1875/1875 [==============================] - 2s 1ms/step - loss: 0.3047 - accuracy: 0.9117
Epoch 2/5
1875/1875 [==============================] - 2s 1ms/step - loss: 0.1473 - accuracy: 0.9569
Epoch 3/5
1875/1875 [==============================] - 2s 1ms/step - loss: 0.1097 - accuracy: 0.9673
Epoch 4/5
1875/1875 [==============================] - 2s 1ms/step - loss: 0.0905 - accuracy: 0.9724
Epoch 5/5
1875/1875 [==============================] - 2s 1ms/step - loss: 0.0759 - accuracy: 0.9764
我们还可以使用tf.data.Dataset.from_tensor_slices生成BatchDataset并将其输入以适合函数.
And we can also use tf.data.Dataset.from_tensor_slices to generate a BatchDataset and feed it in to fit function.
mnist = tf.keras.datasets.mnist
(x_train, y_train), (x_test, y_test) = mnist.load_data()
x_train, x_test = x_train / 255.0, x_test / 255.0
train_ds = tf.data.Dataset.from_tensor_slices(
(x_train, y_train)).shuffle(10000).batch(32)
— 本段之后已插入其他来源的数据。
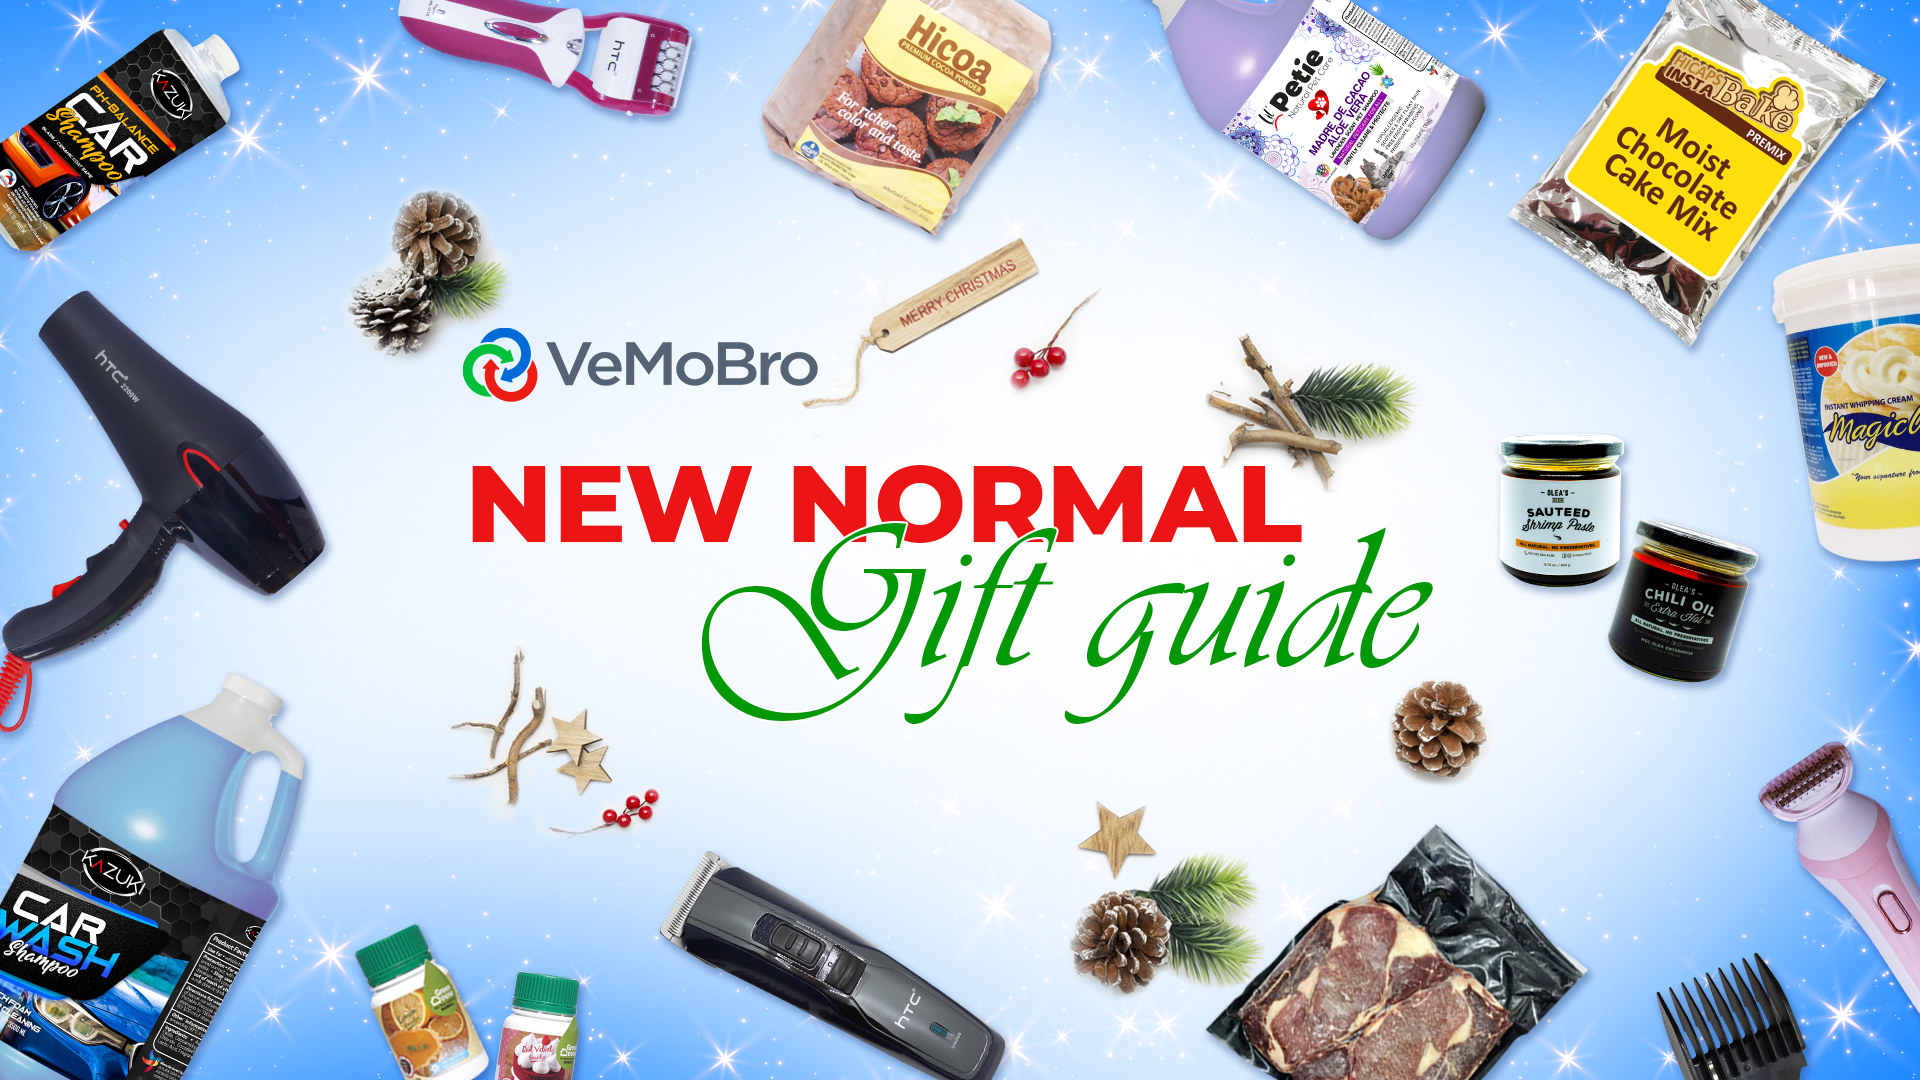 New Normal Gift Ideas Vemebro PhilippinesNew Normal Gift Ideas Vemebro Philippines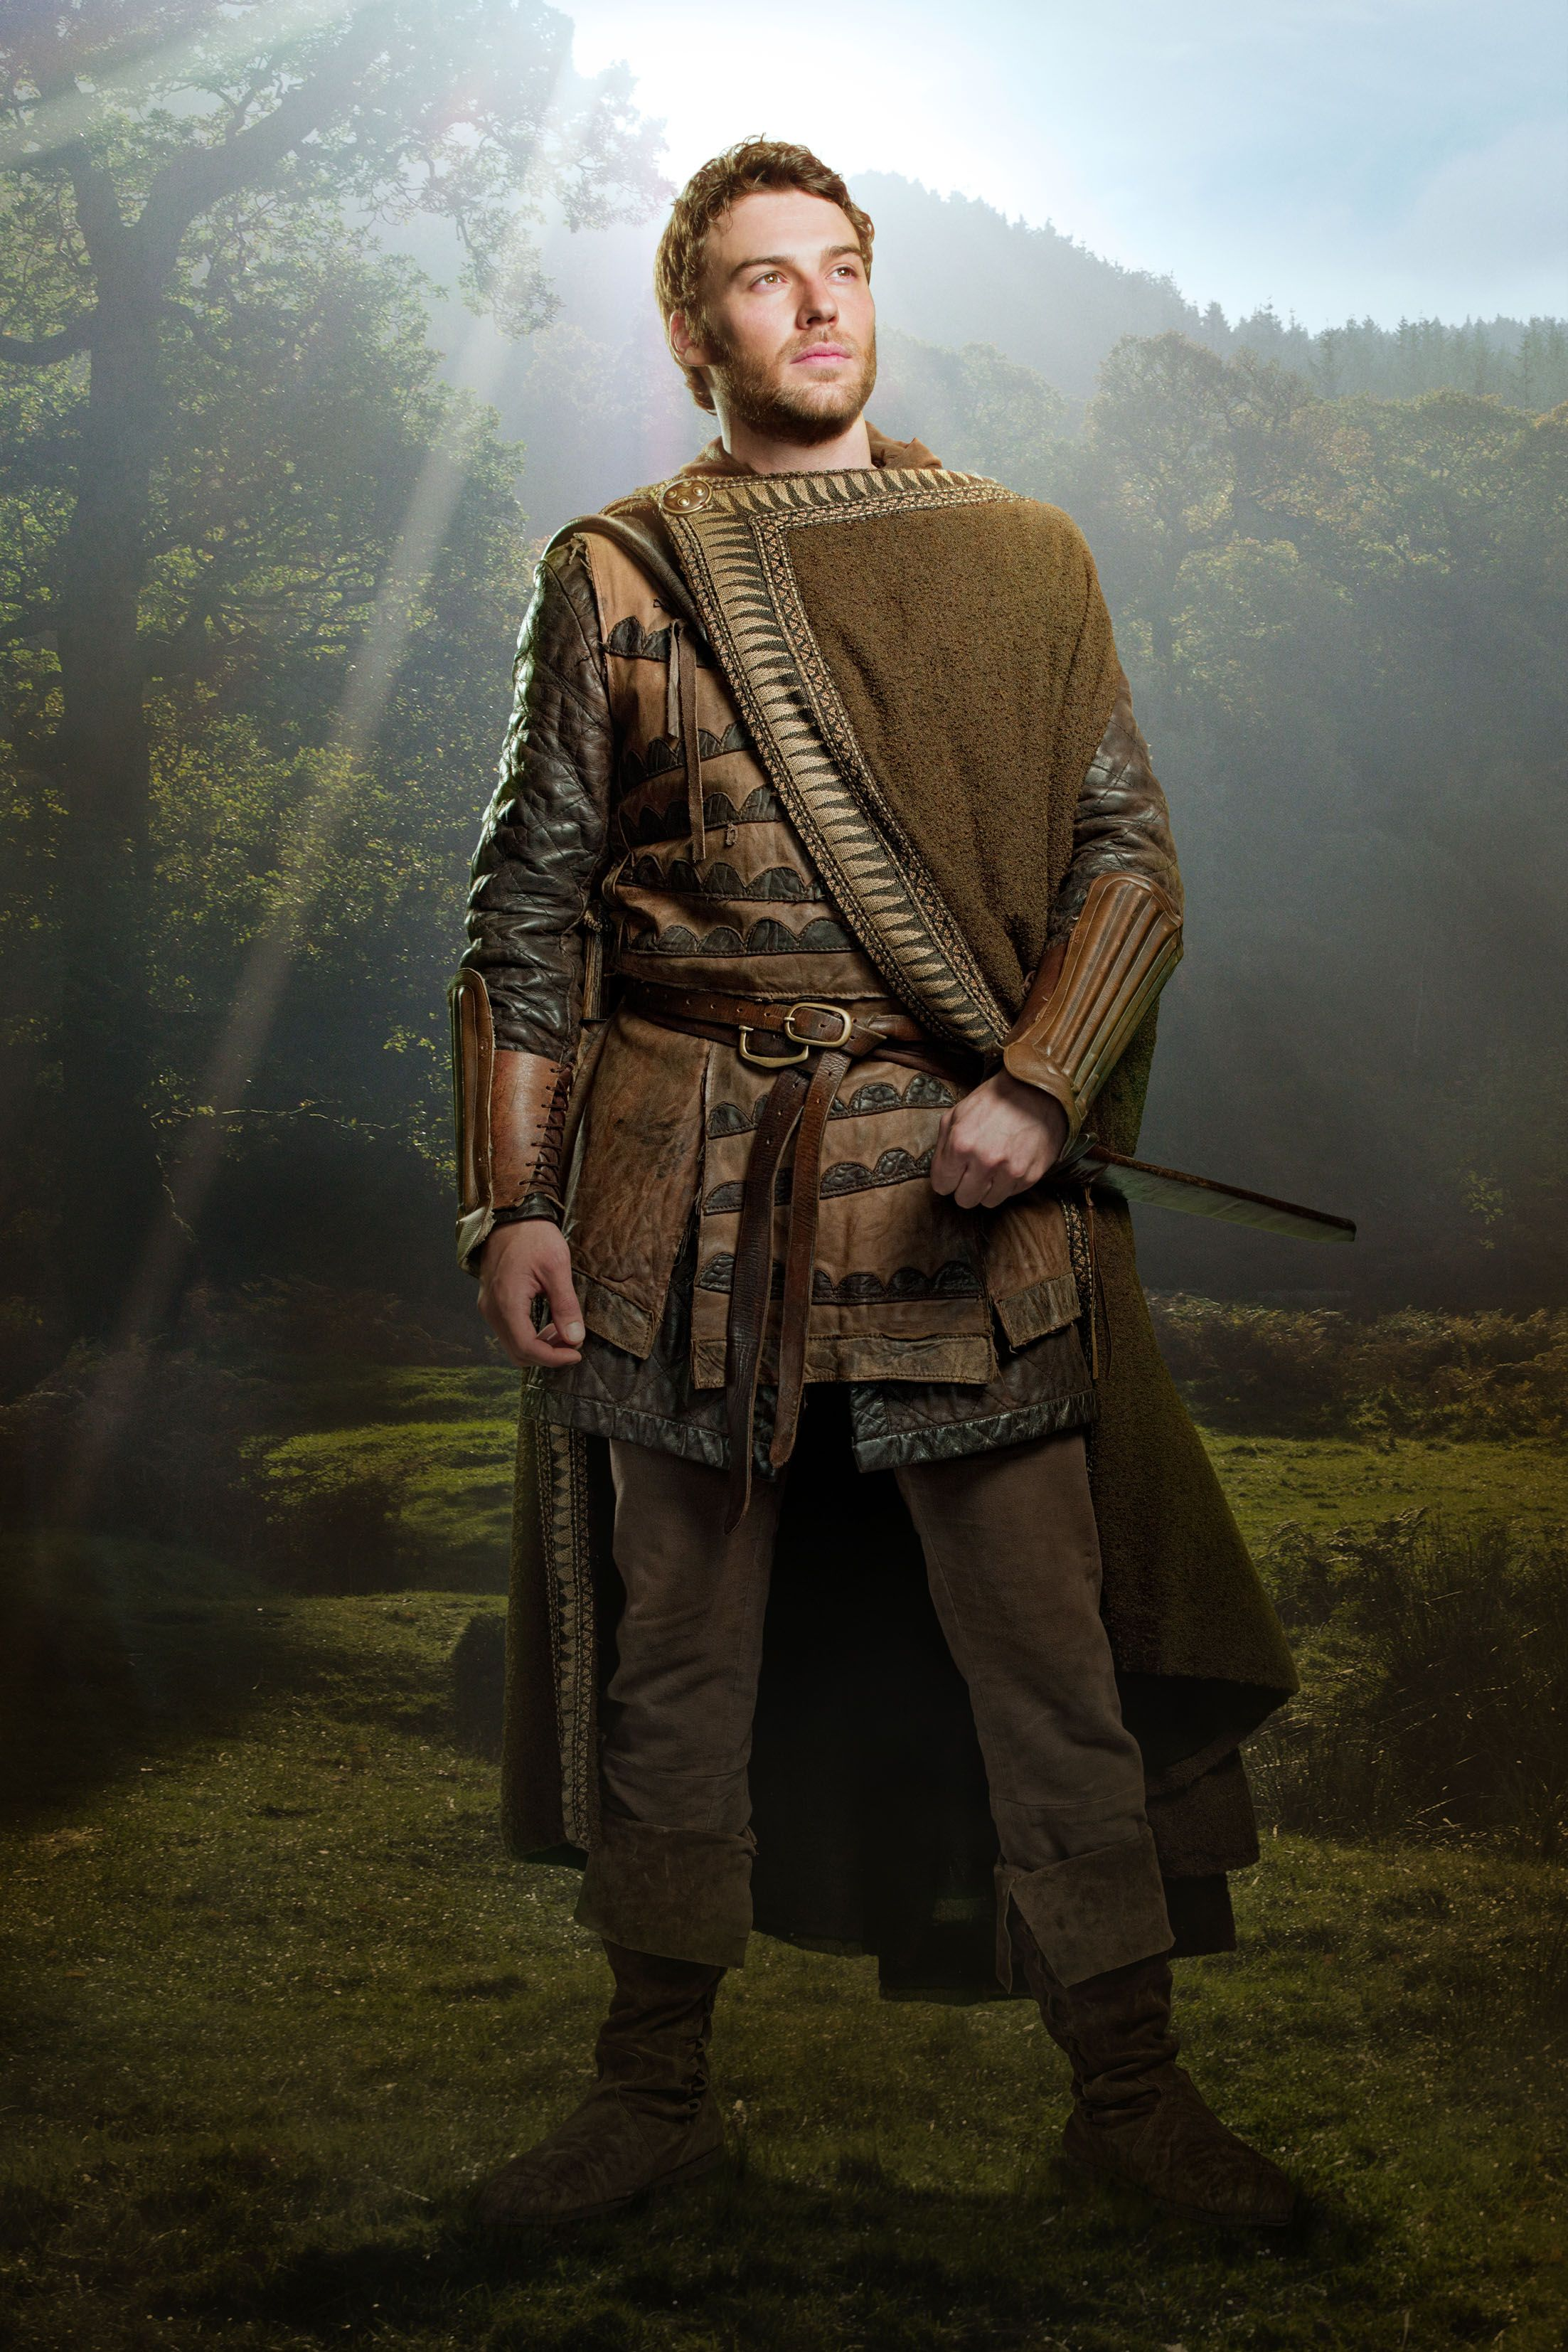 Camelot - Promo | Camelot | Peter mooney, Medieval fantasy ...

test_ds = tf.data.Dataset.from_tensor_slices((x_test, y_test)).batch(32)
model = tf.keras.models.Sequential([
tf.keras.layers.Flatten(input_shape=(28, 28)),
tf.keras.layers.Dense(128, activation='relu'),
tf.keras.layers.Dropout(0.2),
tf.keras.layers.Dense(10, activation='softmax')
])
model.compile(optimizer='adam',
loss='sparse_categorical_crossentropy',
metrics=['accuracy'])
model.fit(train_ds, epochs=5)
培训过程中的结果如下.
The results in training process is as follows.
Epoch 1/5
2021-02-17 15:30:34.698718: I tensorflow/stream_executor/platform/default/dso_loader.cc:48] Successfully opened dynamic library cublas64_10.dll
1875/1875 [==============================] - 3s 1ms/step - loss: 0.2969 - accuracy: 0.9140
Epoch 2/5
1875/1875 [==============================] - 3s 1ms/step - loss: 0.1462 - accuracy: 0.9566
Epoch 3/5
1875/1875 [==============================] - 3s 1ms/step - loss: 0.1087 - accuracy: 0.9669
Epoch 4/5
1875/1875 [==============================] - 3s 1ms/step - loss: 0.0881 - accuracy: 0.9730
Epoch 5/5
1875/1875 [==============================] - 3s 1ms/step - loss: 0.0765 - accuracy: 0.9759
可以使用2种方法成功训练模型,但是它们之间有什么区别吗?使用数据集进行培训是否还有其他优势?如果在这种情况下这两种方法之间没有区别,那么生成用于训练的数据集的典型用法是什么?何时应使用此方法?
The model can be trained successfully with 2 methods, but is there any difference between them? Does using Dataset for training have some additional advantages? If there is no difference between the 2 methods in this case, what the typical usage of generating a Dataset for training and when should this method be used?
谢谢.
推荐答案
当我们使用 Model.fit(x = None,y = None,...
-我们可以传递训练对参数作为纯 numpy
数组或 keras.utils.Sequence
或 tf.data
.
When we use Model.fit(x=None, y=None, ...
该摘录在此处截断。